Stephen Greenblatt’s compilation of five essays discusses aspects of Renaissance society demonstrated in Shakespeare’s plays, four of which focus on a major genre. His book is a good secondary source, a mixture of literature and history. Published in 1988 by the University of California Press, this title is a reference for Elizabethan studies.

“The Circulation of Social Energy” serves as an introduction. Greenblatt defines “social energy” as the ability to arouse emotions or reactions across a broad spectrum. Other critics have used the term “universal” to describe Shakespeare’s talent in communicating beyond his own time. He explains how the playwright succeeded in moving concepts from one place to another, across shifting boundaries.

Greenblatt addresses a dynamic exchange between culture and time: “Power, charisma, sexual excitement, collective dreams, wonder, desire, anxiety, religious awe, free-floating intensities of experience…”

“Invisible Bullets” discusses Shakespeare’s history plays. The title refers to a reference by Native Americans to English colonists who exposed them to diseases for which they had no immunities. Since the Elizabethan audience found history and politics interesting, Shakespeare capitalized on the opportunity to present his unique mix of historical fact and engaging drama. The playwright’s work is an interpretation of events found nowhere else.
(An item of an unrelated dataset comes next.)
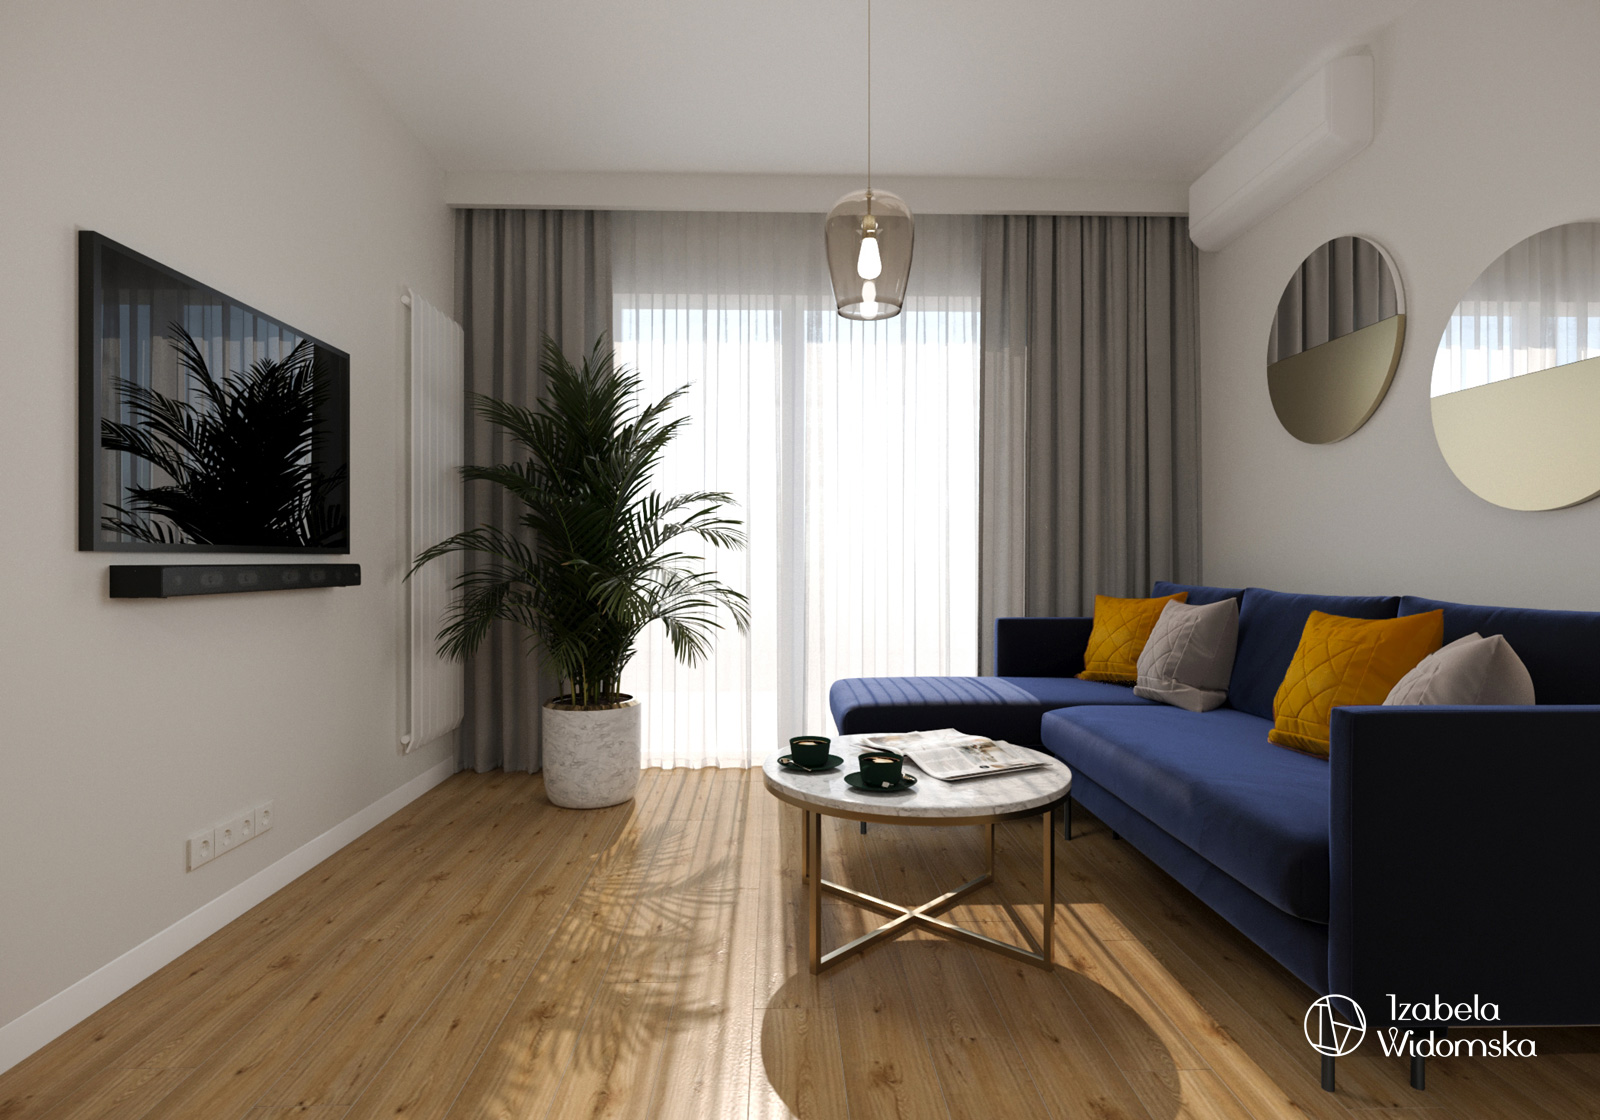 Luksusowy apartament na wynajem | Komfort Piękno Harmonia | Projekt wnętrza architekt Izabela Widomska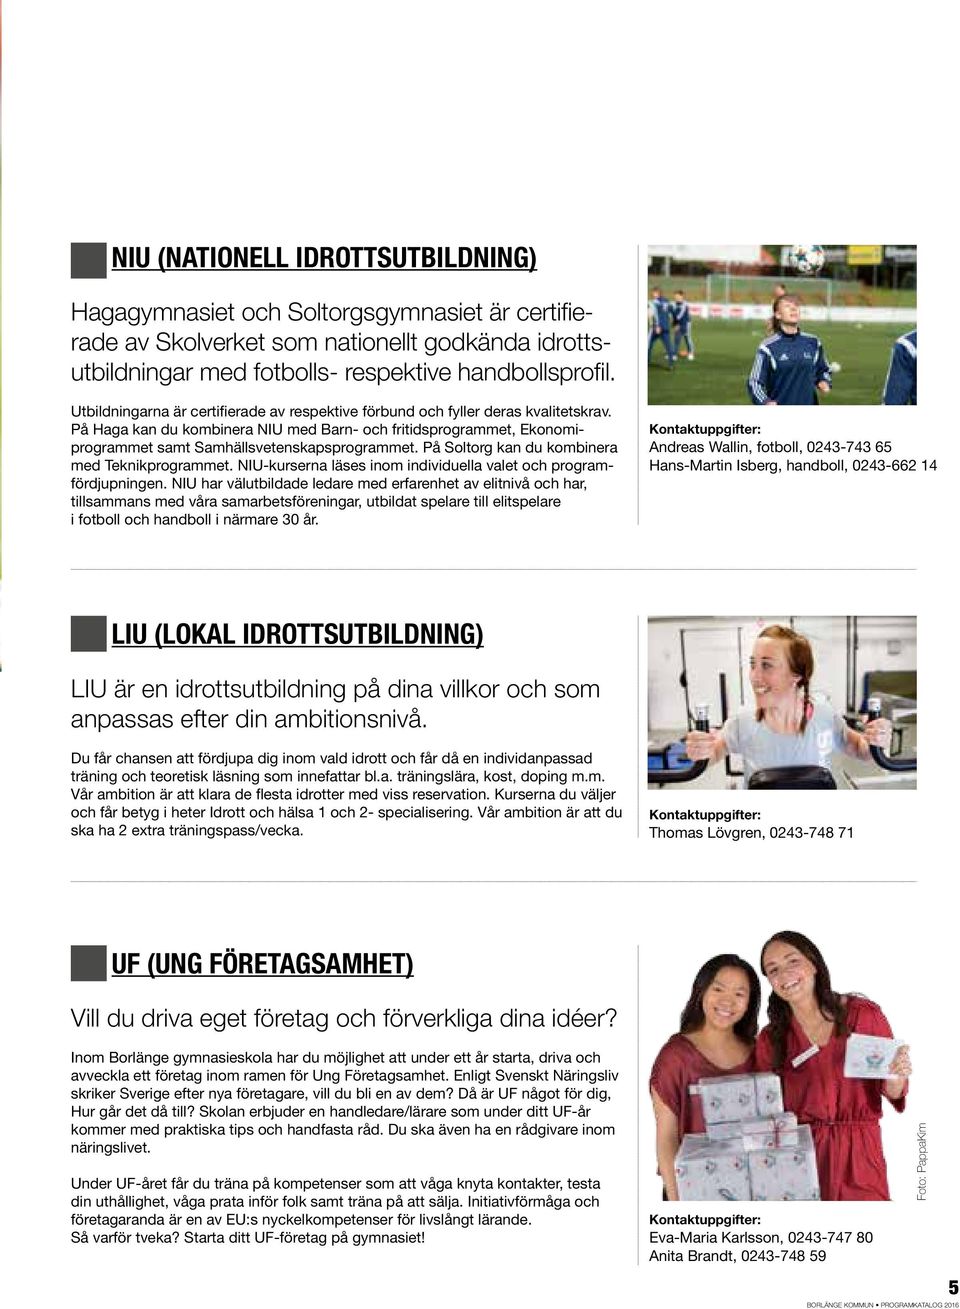 På Soltorg kan du kombinera med Teknikprogrammet. NIU-kurserna läses inom individuella valet och programfördjupningen.

Greenblatt states that his plays are concerned with the production and containment of subversion and disorder. “Elizabethan playing companies contrived to absorb, refashion, and exploit some of the fundamental energies of a political authority that was itself already committed to histrionic display and hence ripe for appropriation.”

“Fiction and Friction” is an essay on sexual identity and the humorous situations in romantic comedies. In Elizabethan England, boys acted the roles of women, leading to contemporary discourse about sexuality.

According to Greenblatt, Shakespeare’s comedies contain sexual energy. The playwright used this erotic power in the development of plots that would interest an audience, so the “heat” takes place internally… out of sight… in the imagination. Shakespeare found ways to present sexual friction in his dialogue and in situational tension.

In the fourth work, “Shakespeare and the Exorcists,” Greenblatt provides background on the staging of exorcisms. During the Renaissance, educated people knew demonic possession was contrived, used as a tool to manipulate, or sometimes, a manifestation of mental illness. Within Shakespeare’s work, especially his tragedies, exorcism was equated with fraud and illusion, often perpetrated by the church.

Revealing is the significance of exorcism in Renaissance England. Spiritual possession is an issue rarely discussed in the twenty-first century. In Shakespeare’s time, the strangeness of this phenomenon puts it into the present-day category of Ripley’s Believe It or Not.

“Martial Law in the Land of Cockaigne” is an unusual essay on the use of anxiety and terror and its manifestation in Elizabethan drama. “The Tempest” is a primary example. The play is filled with mysticism and superstition, instigated by imagined and real threats. These tactics, as seen in Shakespeare’s work, were part of the Renaissance.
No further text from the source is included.